- _DATA BELOW_
________________________

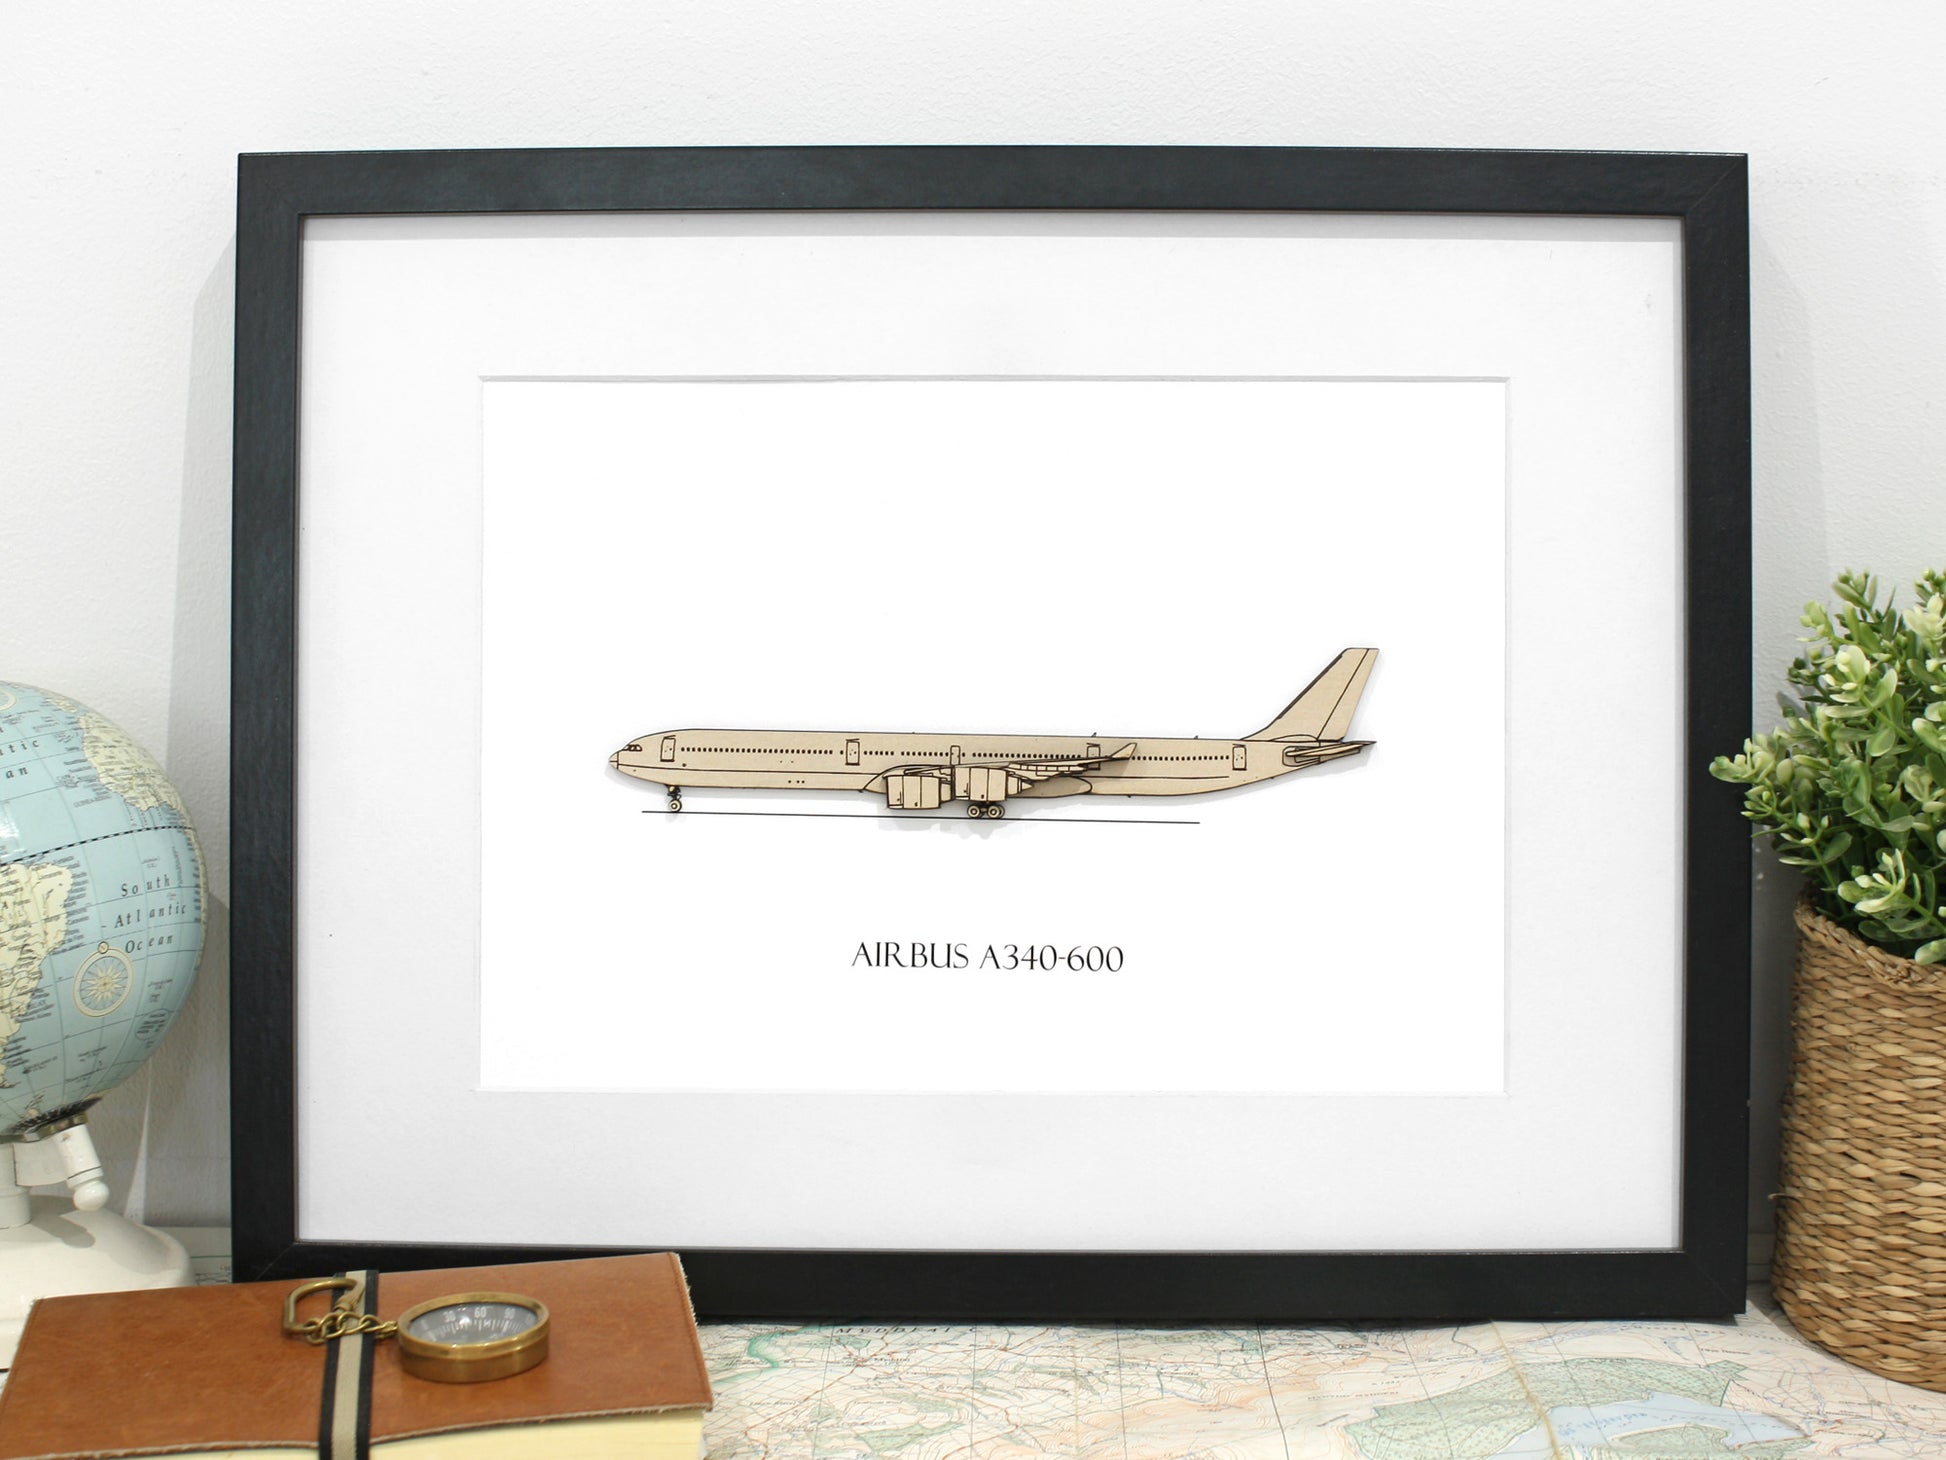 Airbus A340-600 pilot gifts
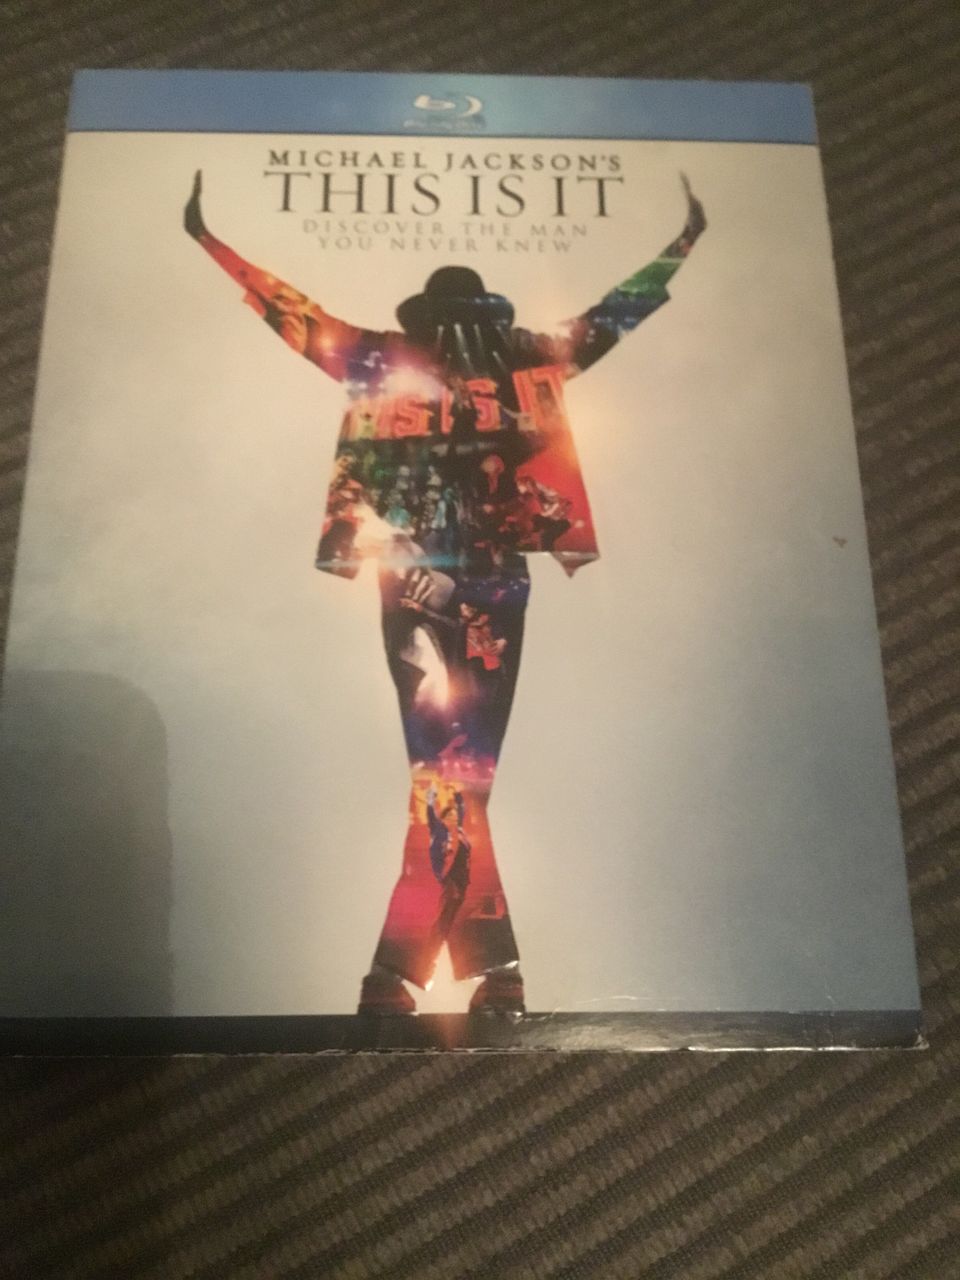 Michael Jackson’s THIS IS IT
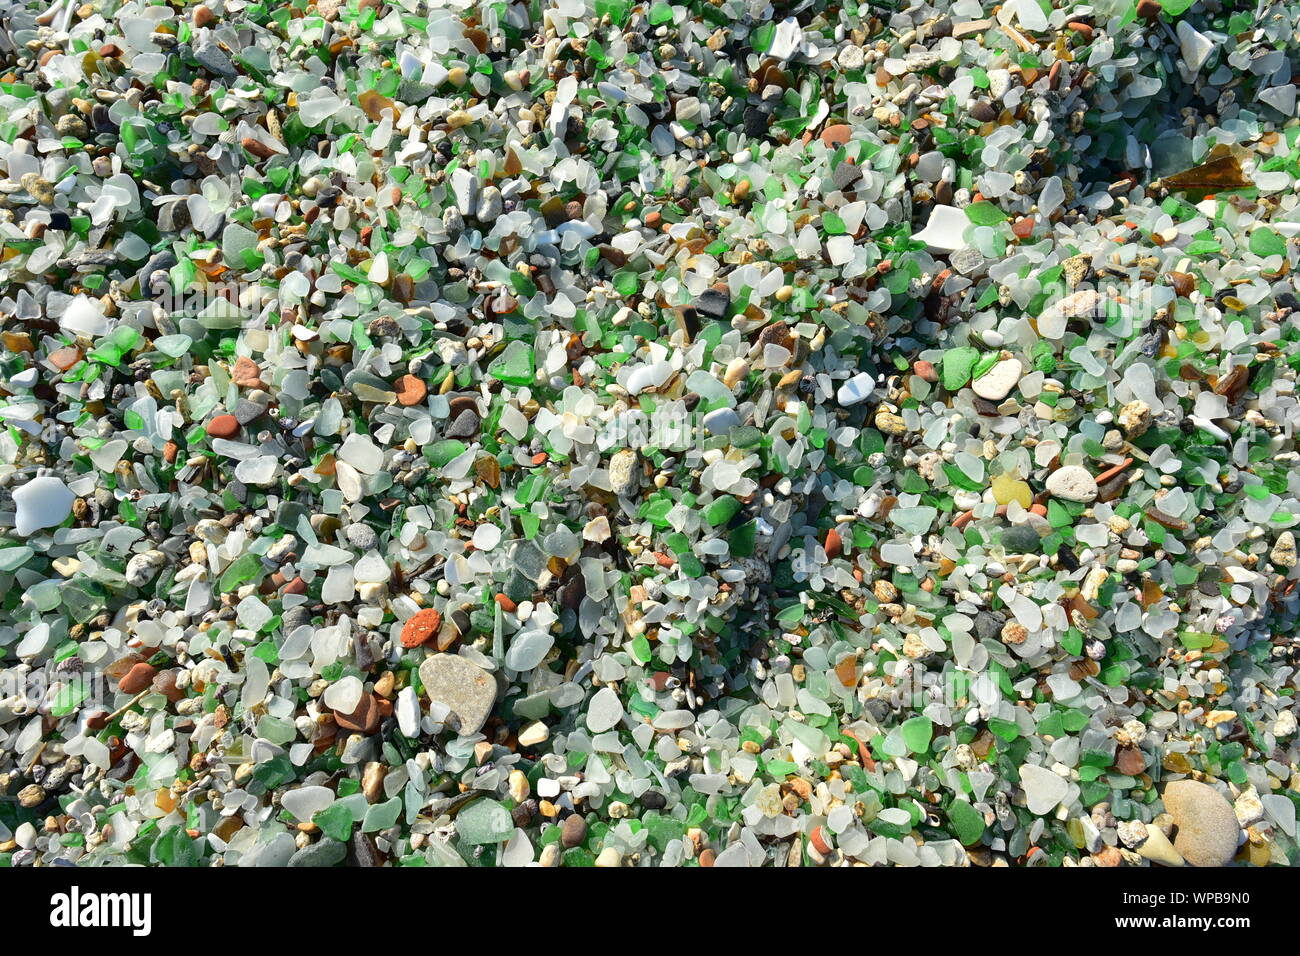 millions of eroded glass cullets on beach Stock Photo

________________________

- _INSTRUCTIONS TO FOLLOW_
Please output the lines from the line that holds "Michael Jackson’s THIS IS IT" through the final line of the material above, both included. Each line must match exactly, and pictures must be excluded.

- _OUTPUT OF THE EXERCISE_
 Michael Jackson’s THIS IS IT
 millions of eroded glass cullets on beach Stock Photo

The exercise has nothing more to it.